BEGIN Task input

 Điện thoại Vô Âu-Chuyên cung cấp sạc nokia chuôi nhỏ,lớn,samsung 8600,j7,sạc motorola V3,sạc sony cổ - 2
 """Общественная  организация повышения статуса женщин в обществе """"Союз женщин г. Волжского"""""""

END Task input
BEGIN Task input

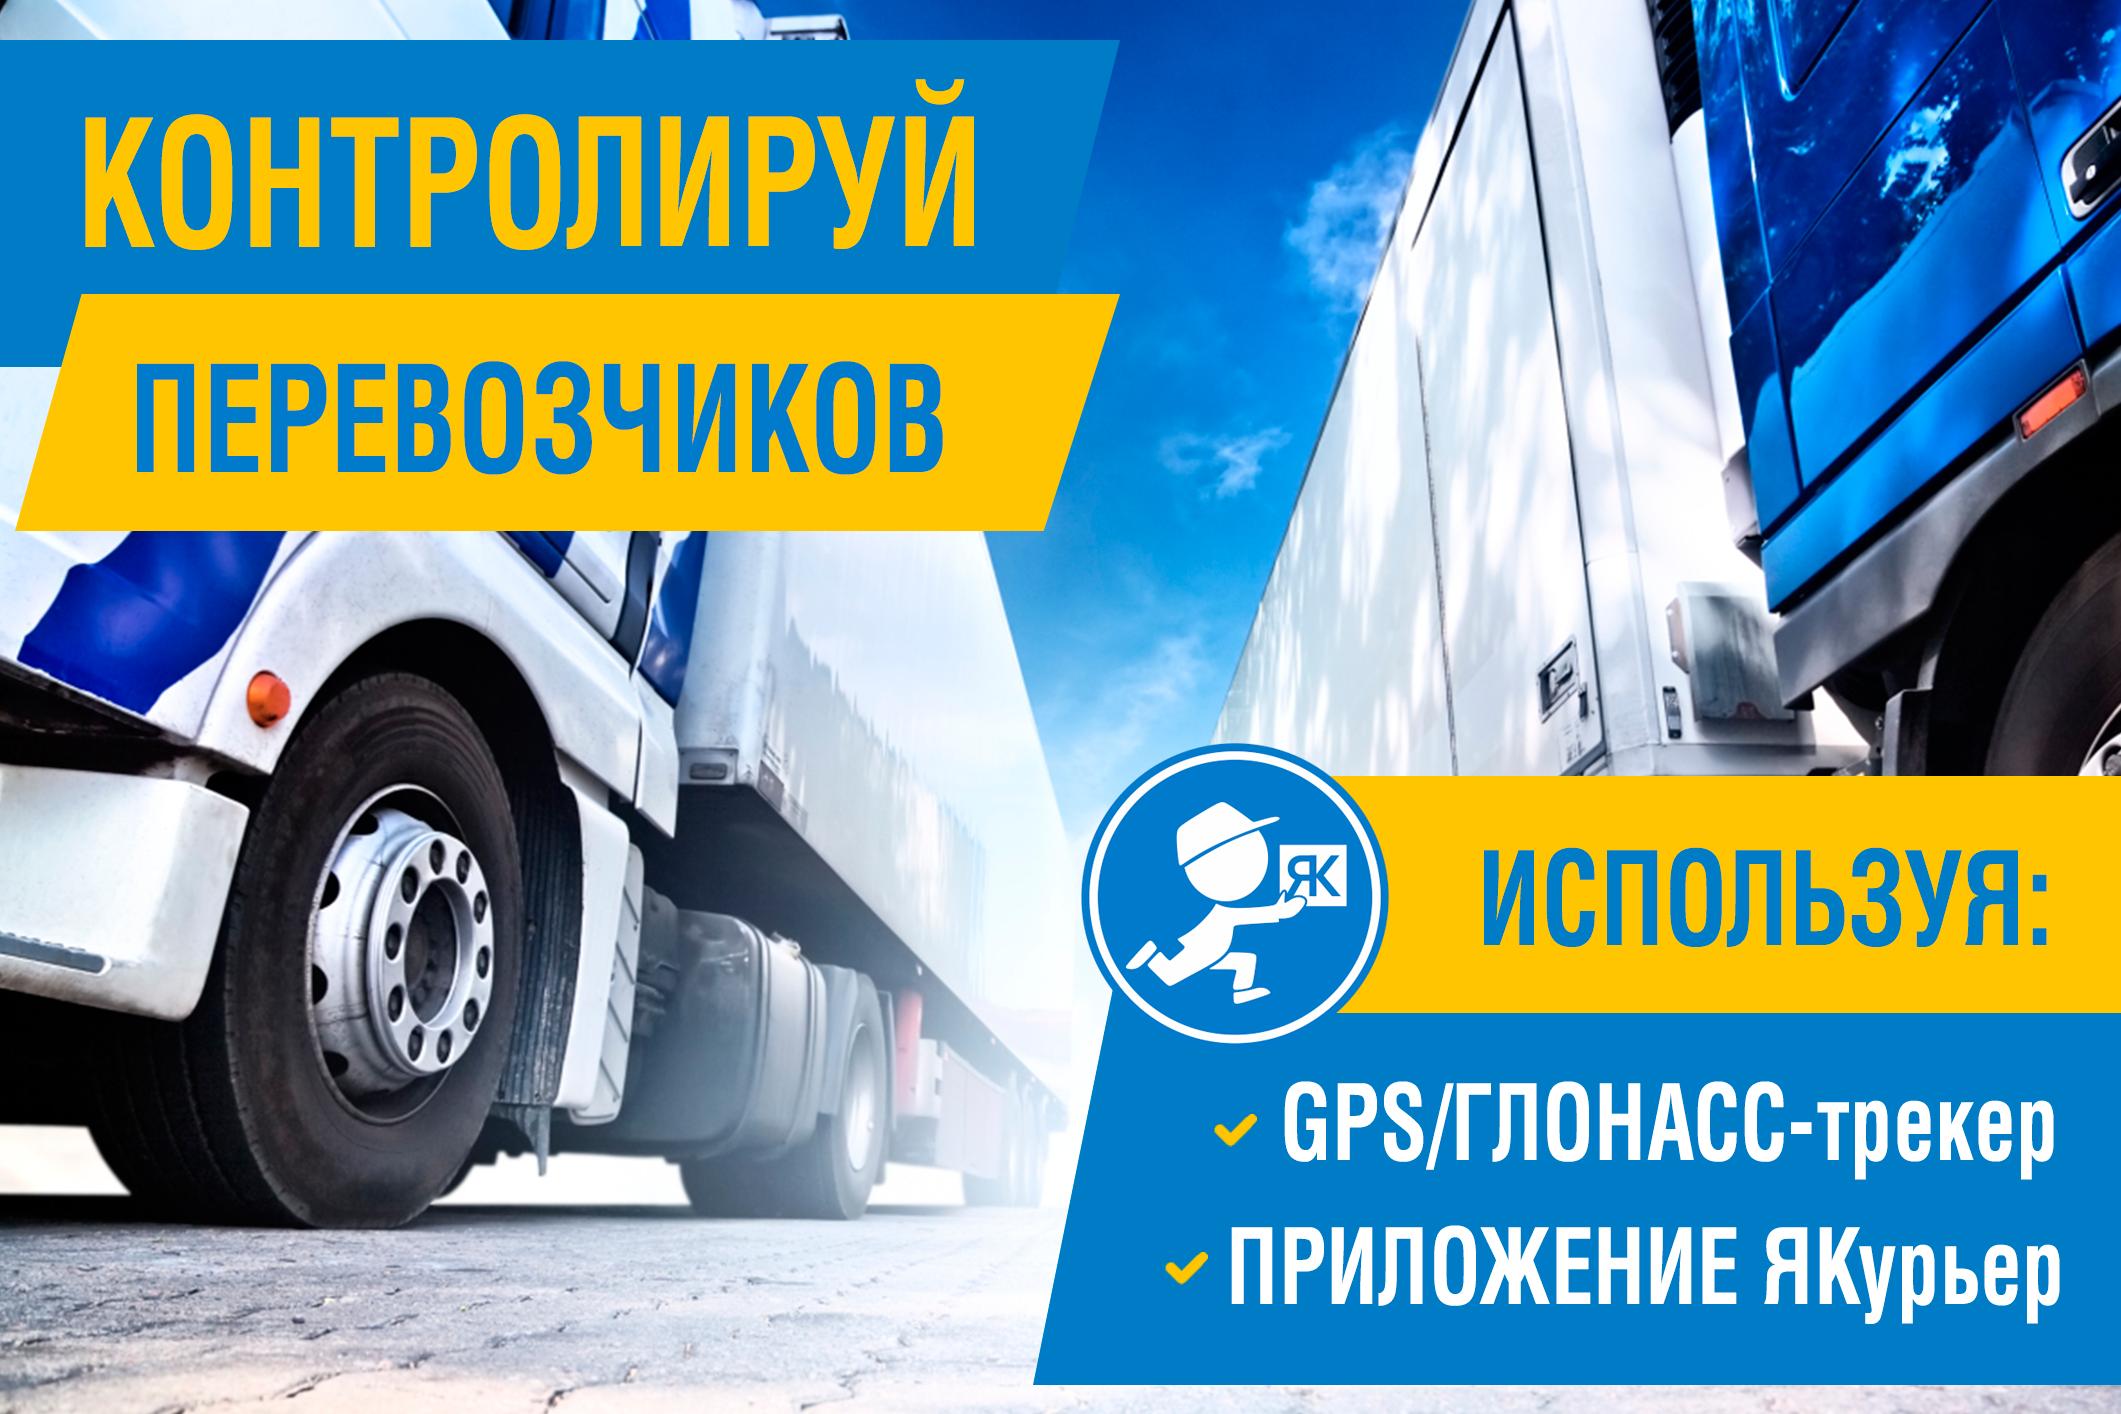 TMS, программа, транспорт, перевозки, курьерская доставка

END Task input
BEGIN Task input

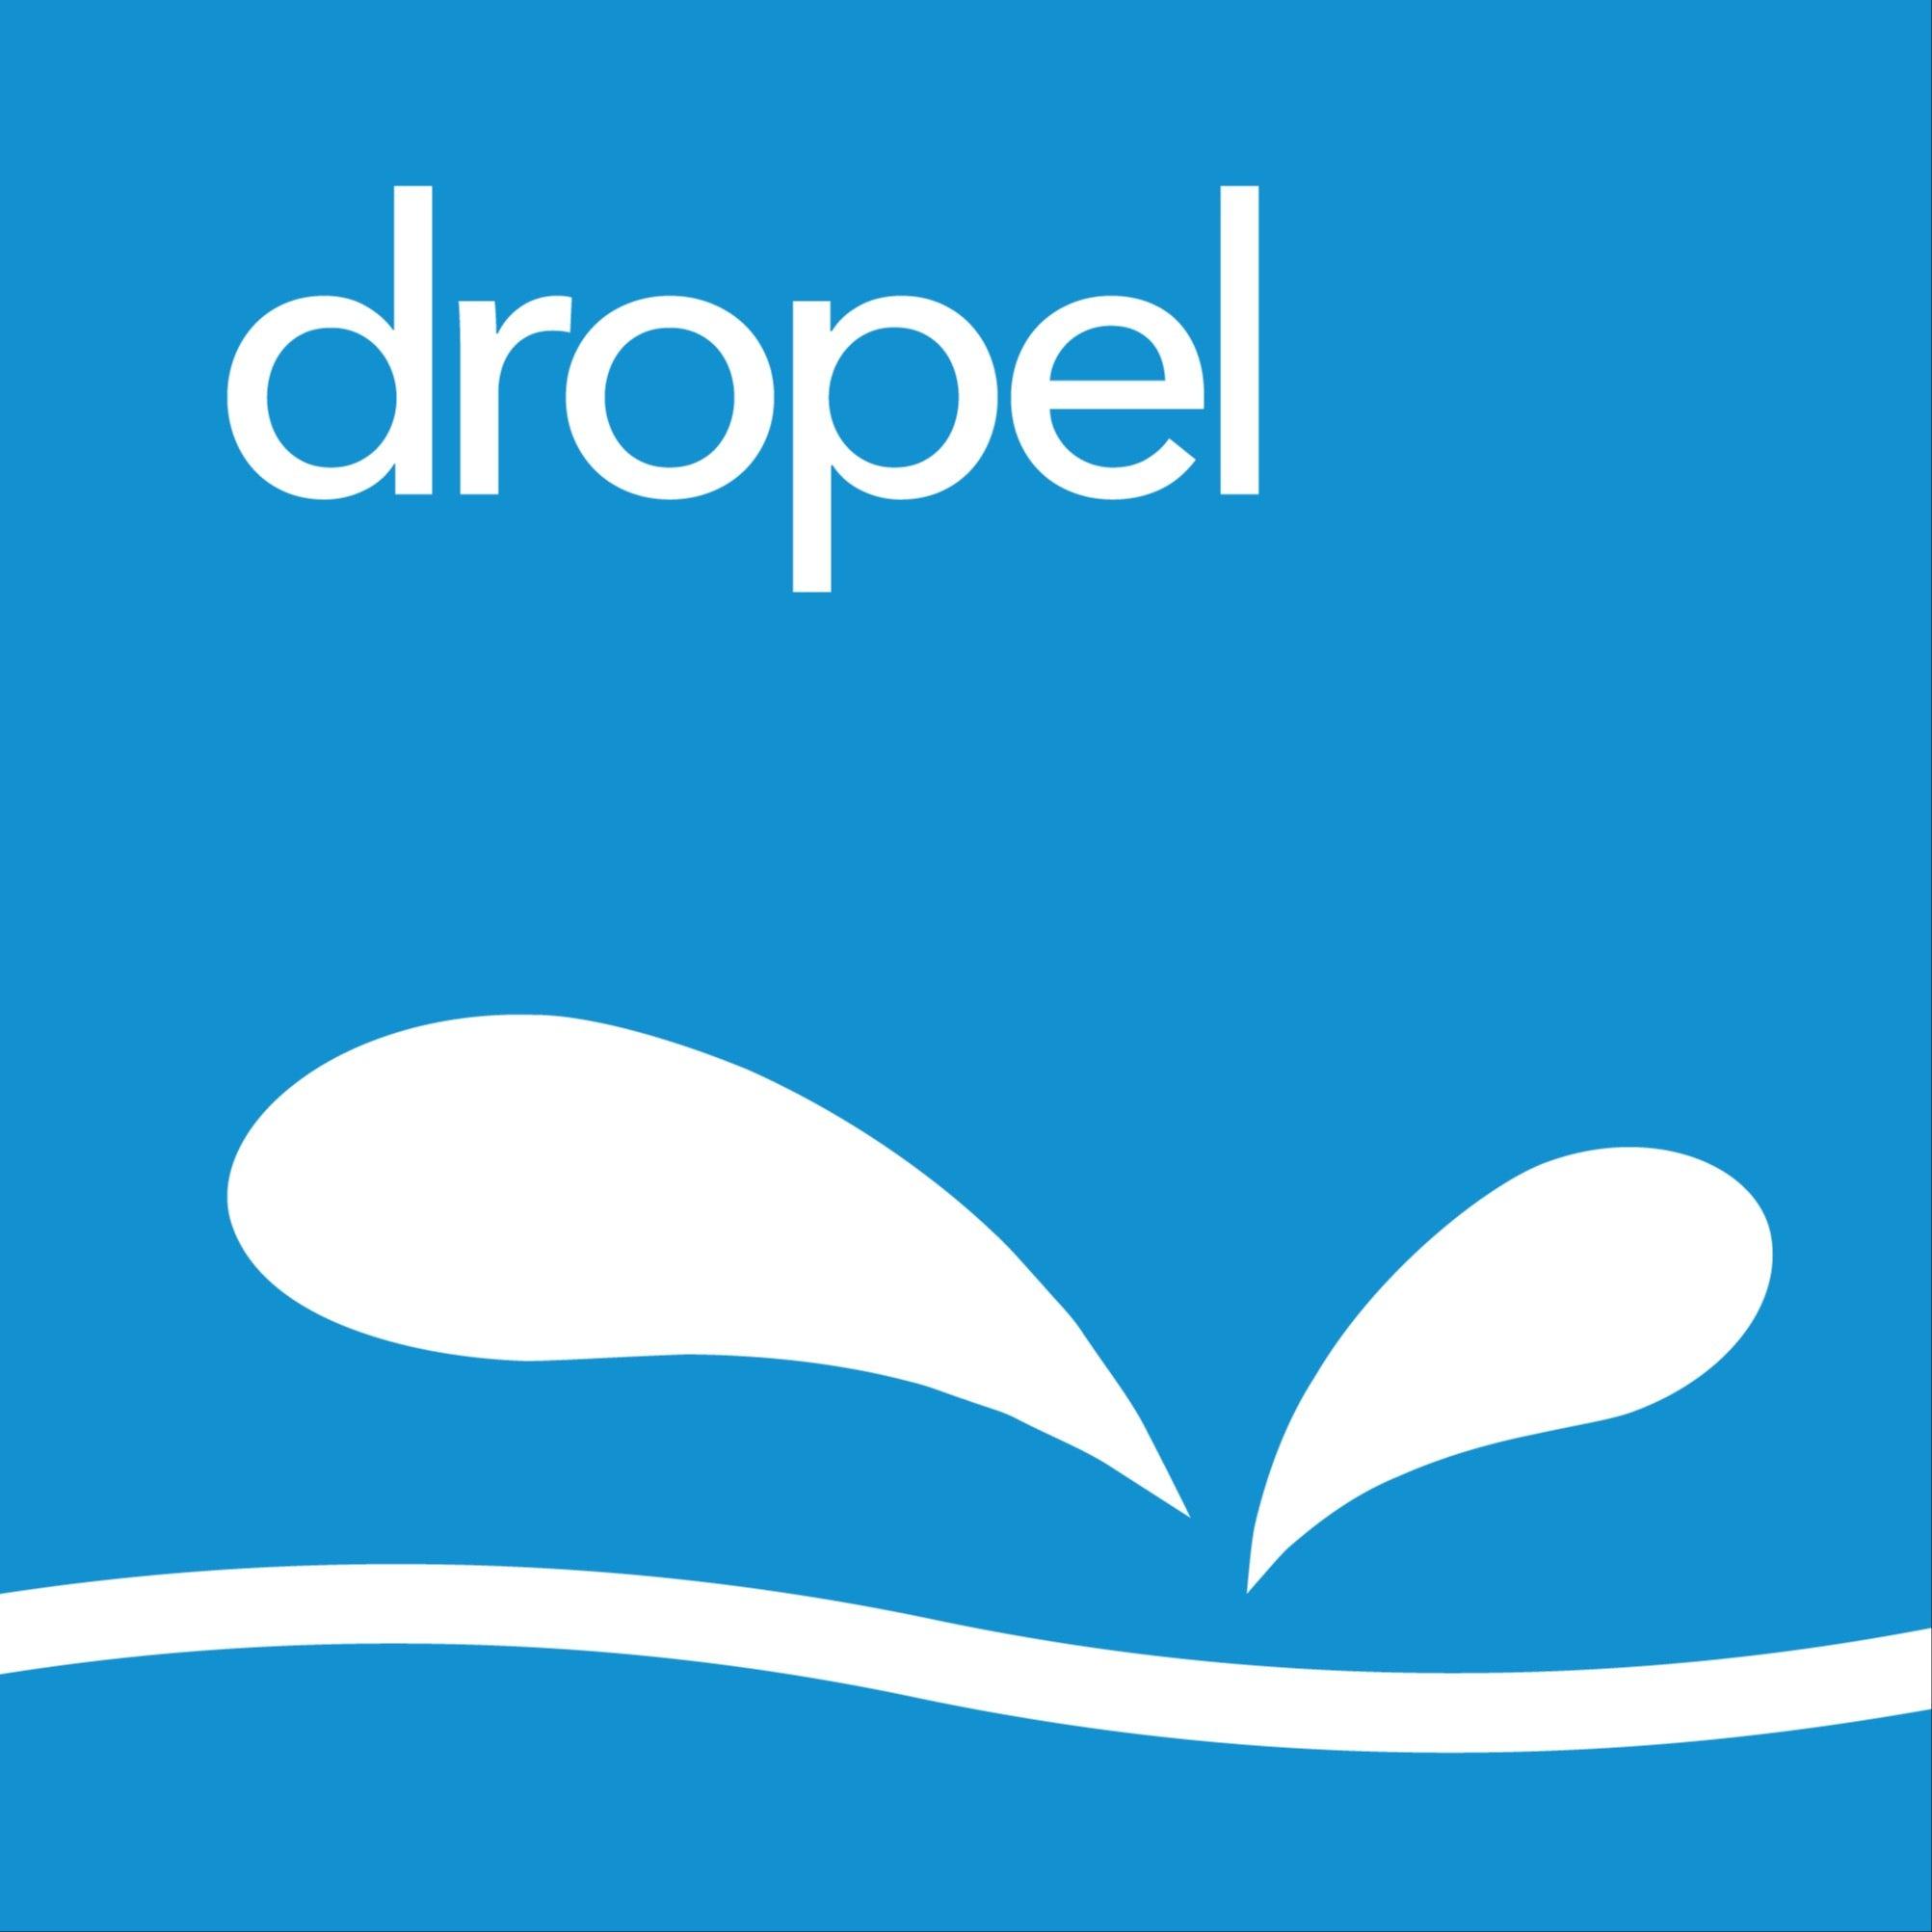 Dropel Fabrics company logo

END Task input

■ What to produce: Retype the portion of the data above that starts on the line with "Điện thoại Vô" and finishes on the line with "организация повышения статуса", including both of those lines.

■ Result for this exercise:
 Điện thoại Vô Âu-Chuyên cung cấp sạc nokia chuôi nhỏ,lớn,samsung 8600,j7,sạc motorola V3,sạc sony cổ - 2
 """Общественная  организация повышения статуса женщин в обществе """"Союз женщин г. Волжского"""""""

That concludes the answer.